» SUPPLIED MATERIAL:
::::

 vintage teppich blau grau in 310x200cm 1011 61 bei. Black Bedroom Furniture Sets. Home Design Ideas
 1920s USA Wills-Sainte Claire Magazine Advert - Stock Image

::::

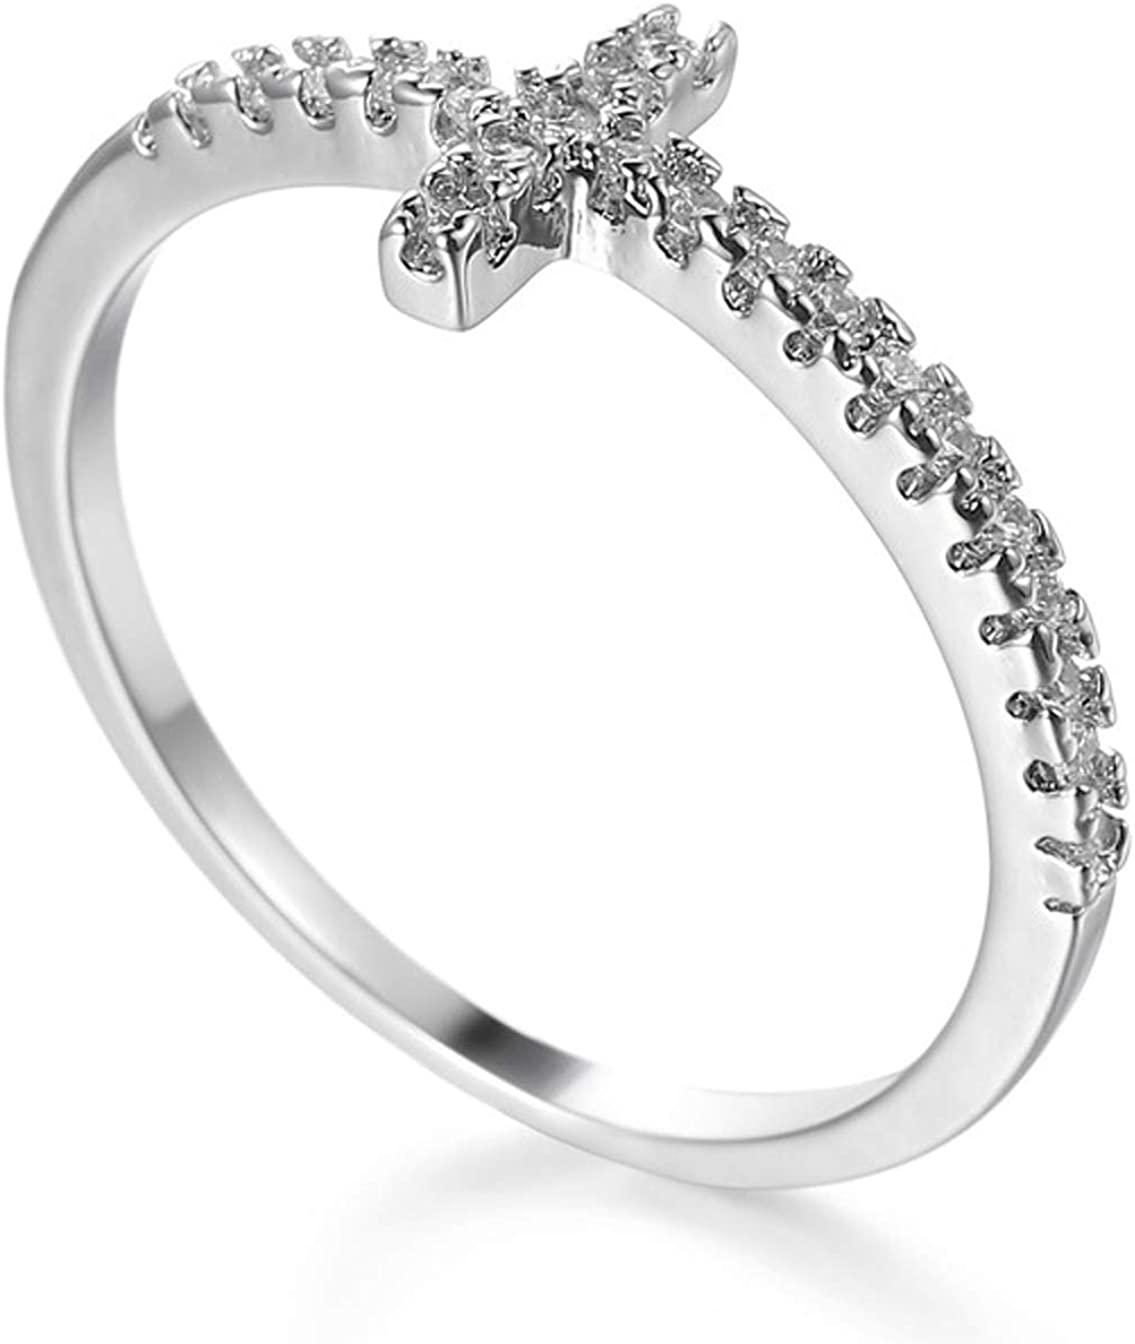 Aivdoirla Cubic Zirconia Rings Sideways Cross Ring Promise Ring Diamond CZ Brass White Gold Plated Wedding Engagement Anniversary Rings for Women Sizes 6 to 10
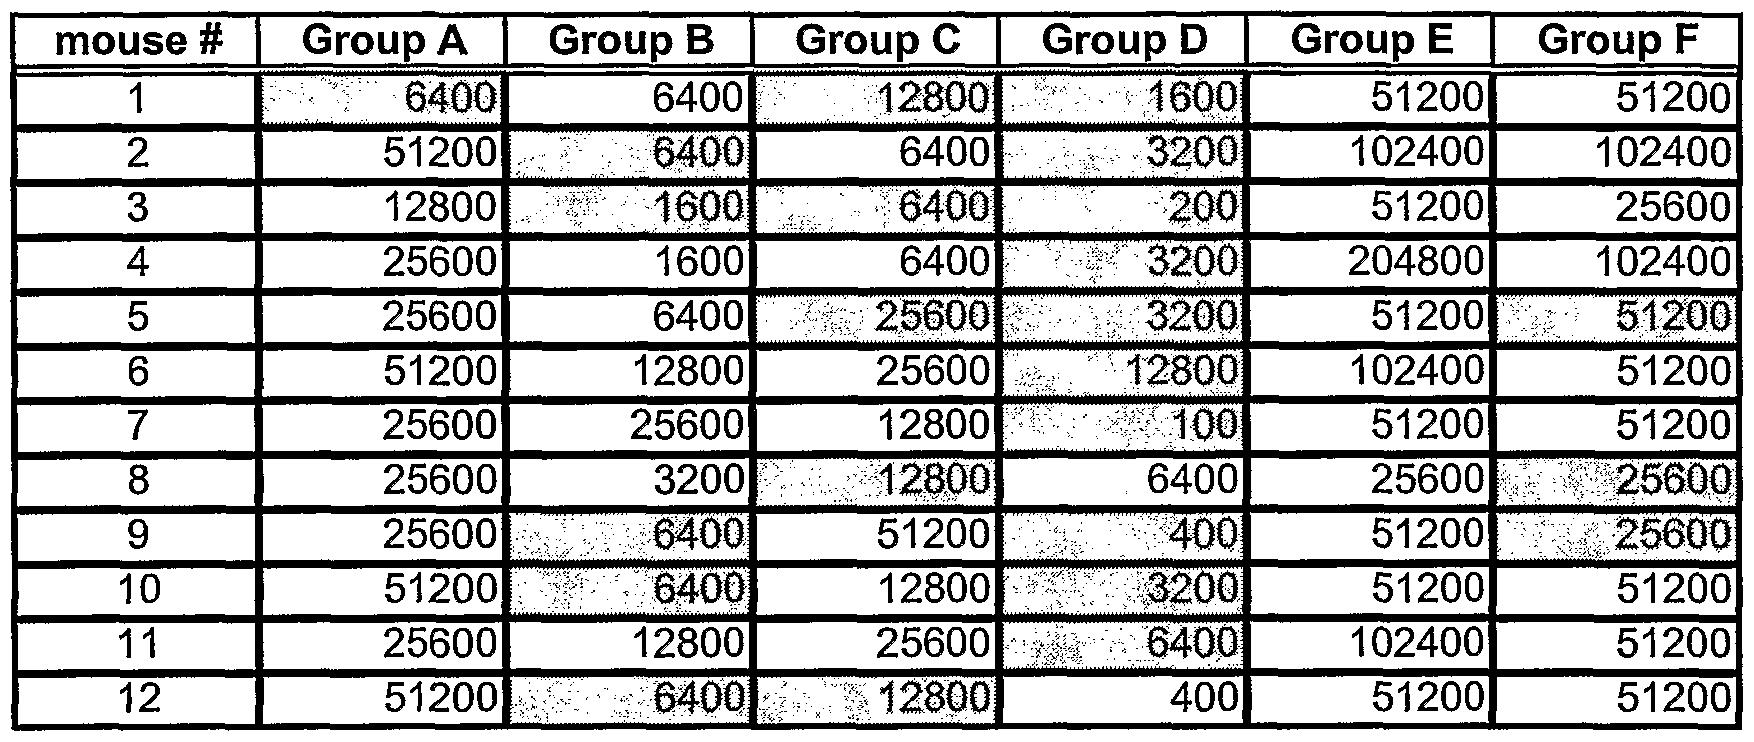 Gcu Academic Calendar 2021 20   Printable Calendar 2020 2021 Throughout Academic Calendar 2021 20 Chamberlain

::::

» WHAT TO PRODUCE:
Beginning at the line above that contains "Aivdoirla Cubic Zirconia", repeat each line exactly through the one that contains "Gcu Academic Calendar", and leave out the pictures.

» EXERCISE SOLUTION:
 Aivdoirla Cubic Zirconia Rings Sideways Cross Ring Promise Ring Diamond CZ Brass White Gold Plated Wedding Engagement Anniversary Rings for Women Sizes 6 to 10
 Gcu Academic Calendar 2021 20   Printable Calendar 2020 2021 Throughout Academic Calendar 2021 20 Chamberlain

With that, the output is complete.